4 weight lifting exercises you can begin right now
Seated shoulder press: This targets the shoulders. Sitting upright on a workout bench, begin with dumbbells held straight up above your head. Then gently bend your elbows and lower the dumbbells until they fall in line with your shoulders. Without stopping, drive straight back up to the start position. Aim for 3 sets of 13-15 reps.
Hip thrust: This targets your glutes and you should aim for 3 sets of 15-20 reps, using a 20kg barbell and 5kg weights on each side. Sit with your back against a bench on the floor and roll barbell to the front of your hips. With your knees bent, and with your shoulders on the bench, drive your hips off the floor until your back is parallel. Gently lower your hips downwards, and then drive it back up again.

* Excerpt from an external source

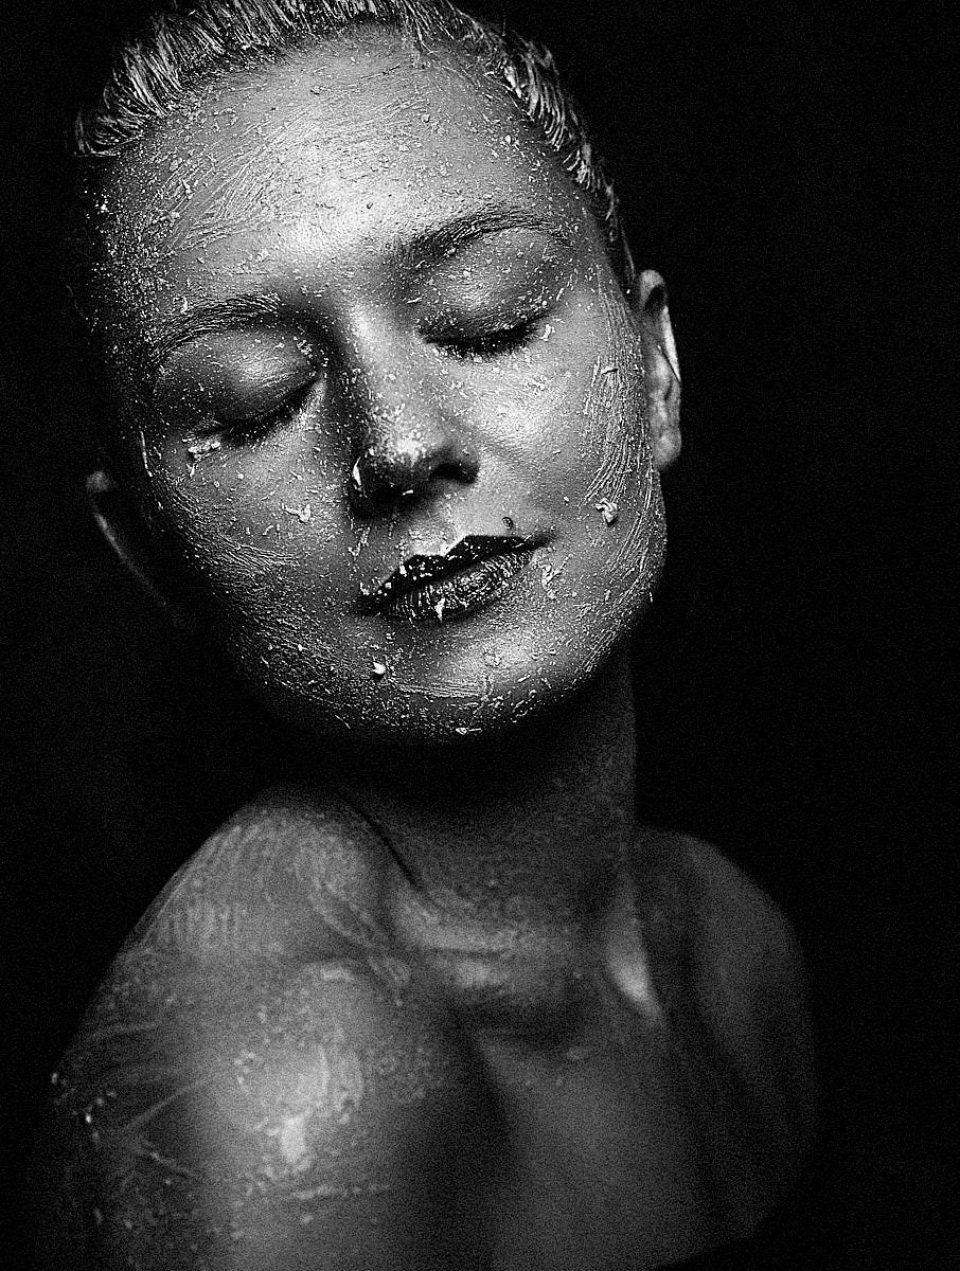 Portraitnoir Portrait Fotograf Ingolstadt Schwarzweiß Fotografie Beauty Fotografie
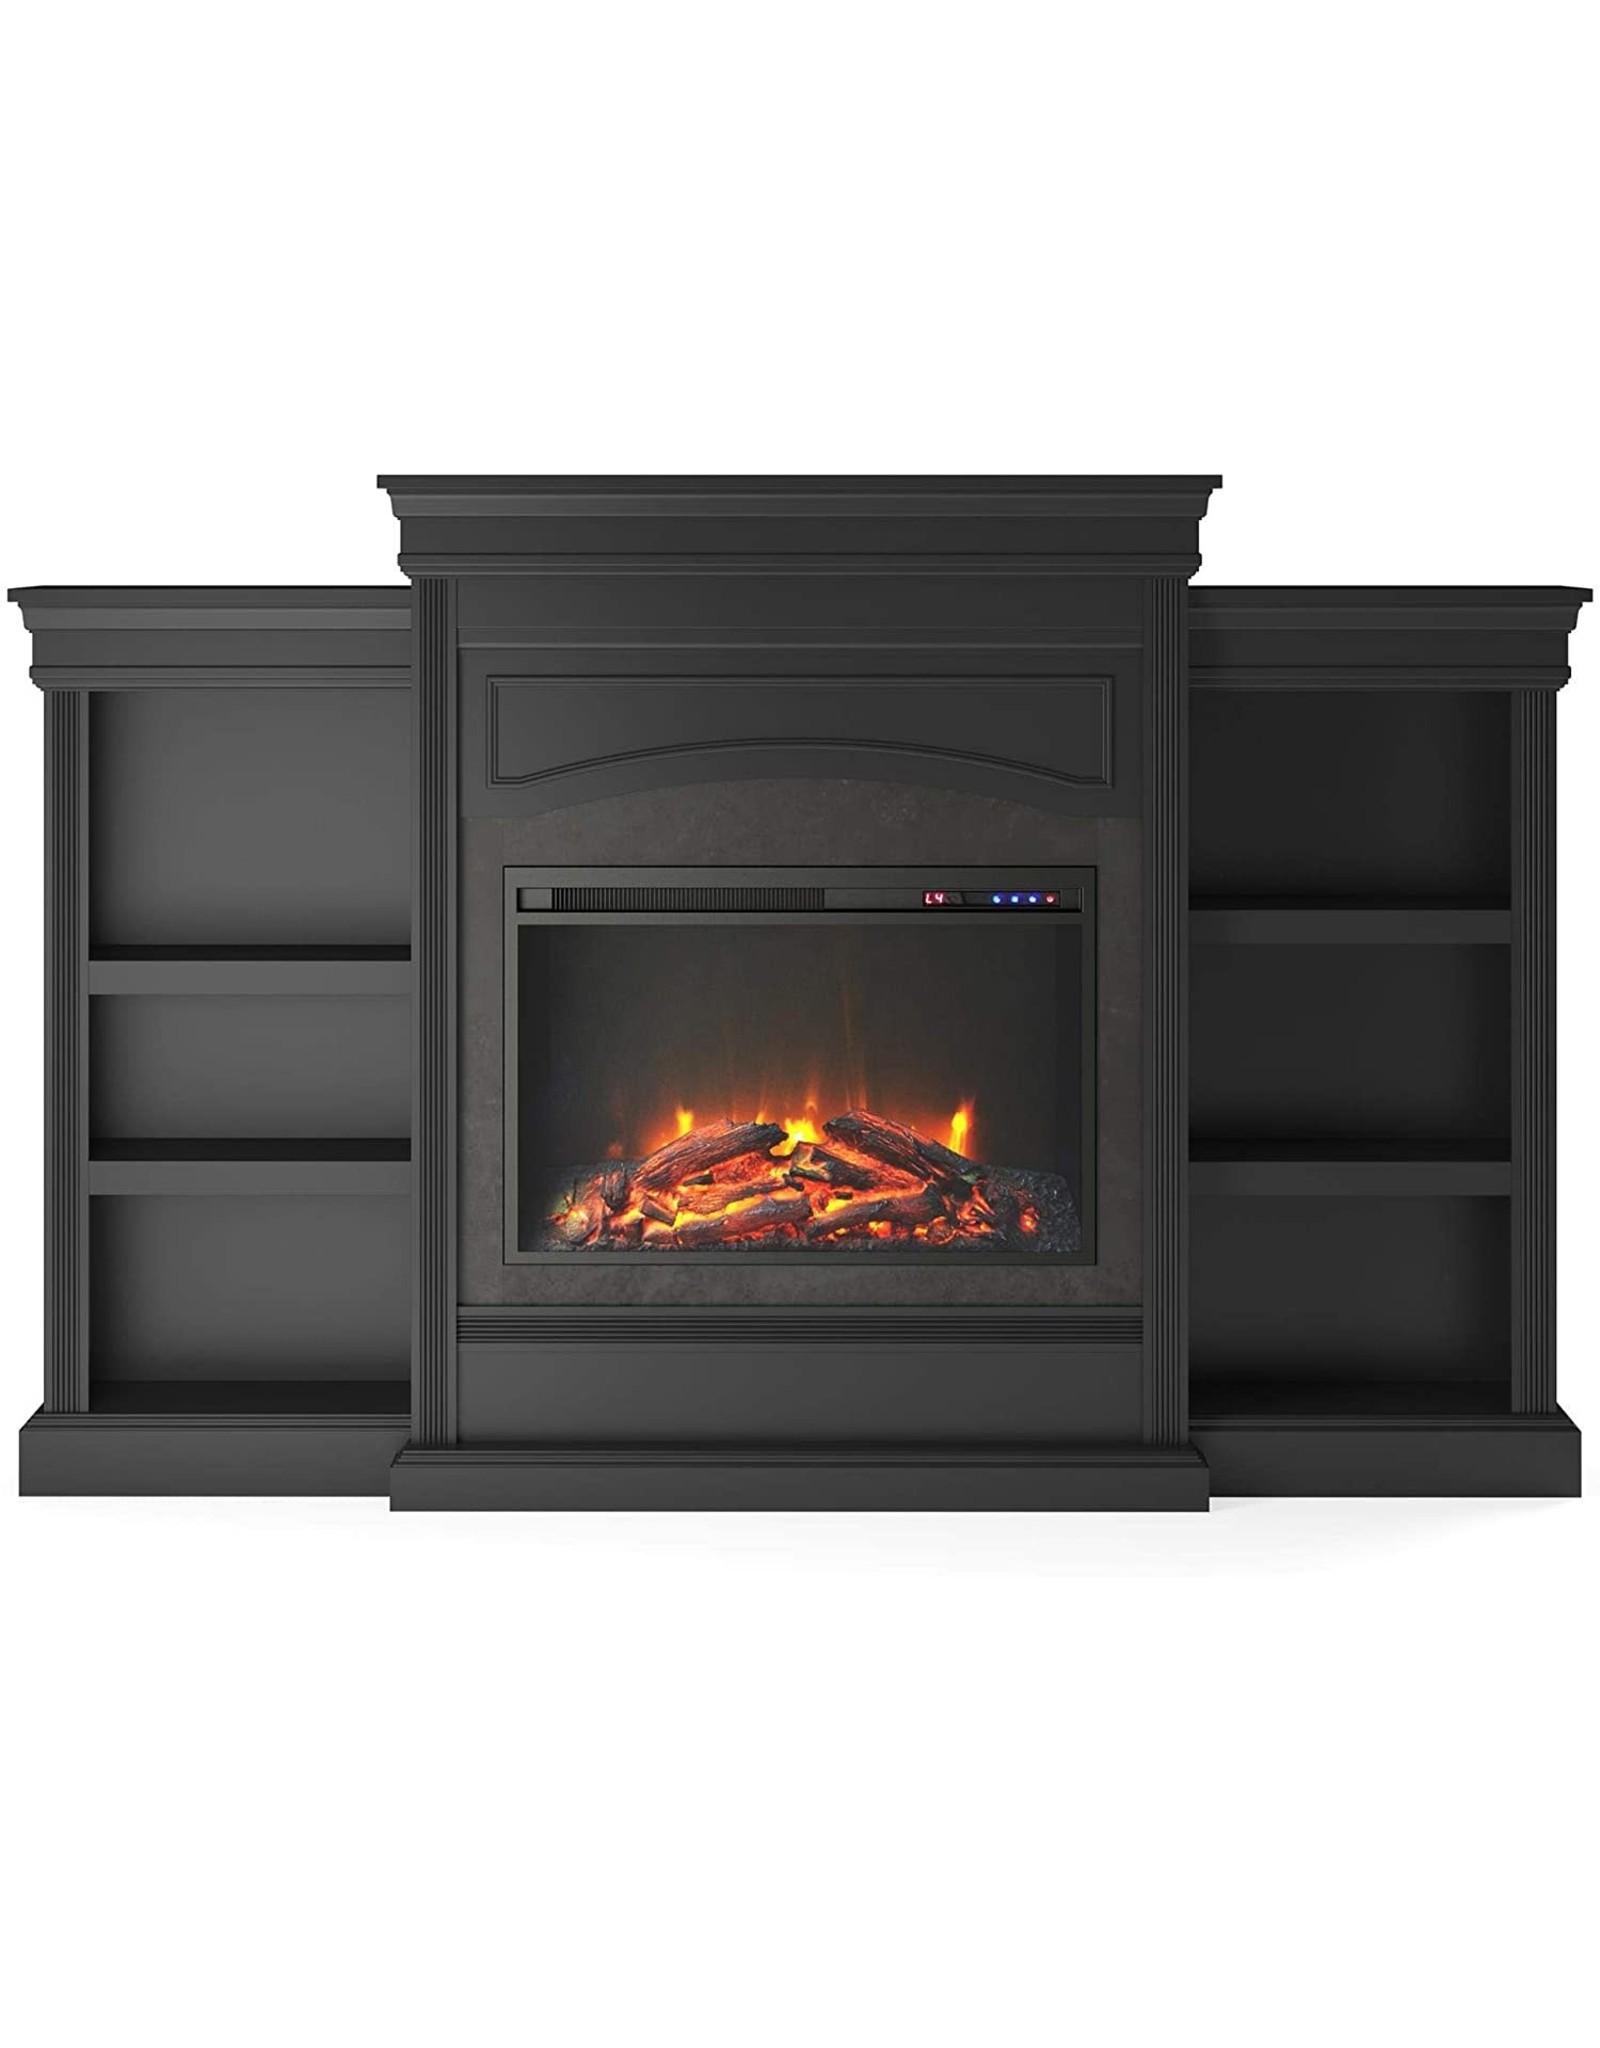 Ameriwood Home Ameriwood Home Lamont Mantel Fireplace, Black

Single arm row: This is great for your biceps and back, helping to reduce back pain and improve posture. To do this, start with your right knee and right hand on a bench, while your left foot is stepped out wide and with a dumbbell hanging down in your left hand. Drive your left elbow up, lifting the dumbbell to your torso while your back stays in a neutral position, and with the left knee soft. Lower back to start. Aim for 2 sets of 8-10 reps on the left side with a 90 second rest, then alternate sides.
Deadlift: Place an Olympic bar on the floor and stand with your feet hip-width apart. Grip the bar with hands a little wider than your feet are. Driving with legs, stand up straight, with your shoulders back, and your arms straight down. Keep the bar close to your body as you return to the floor; while maintaining a flat back. Aim for 3 sets of 10-12 reps.